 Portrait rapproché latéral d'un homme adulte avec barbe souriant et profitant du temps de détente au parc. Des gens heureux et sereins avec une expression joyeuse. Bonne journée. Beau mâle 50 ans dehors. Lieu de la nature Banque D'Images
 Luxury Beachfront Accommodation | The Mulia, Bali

--

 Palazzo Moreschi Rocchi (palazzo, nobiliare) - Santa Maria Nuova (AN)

▸ **What this task involves**: Give again, word for word, every line of the listing above from the one with "Portrait rapproché latéral" to the one with "Luxury Beachfront Accommodation", both inclusive, and nothing beyond them.

▸ **Result of this exercise**:
 Portrait rapproché latéral d'un homme adulte avec barbe souriant et profitant du temps de détente au parc. Des gens heureux et sereins avec une expression joyeuse. Bonne journée. Beau mâle 50 ans dehors. Lieu de la nature Banque D'Images
 Luxury Beachfront Accommodation | The Mulia, Bali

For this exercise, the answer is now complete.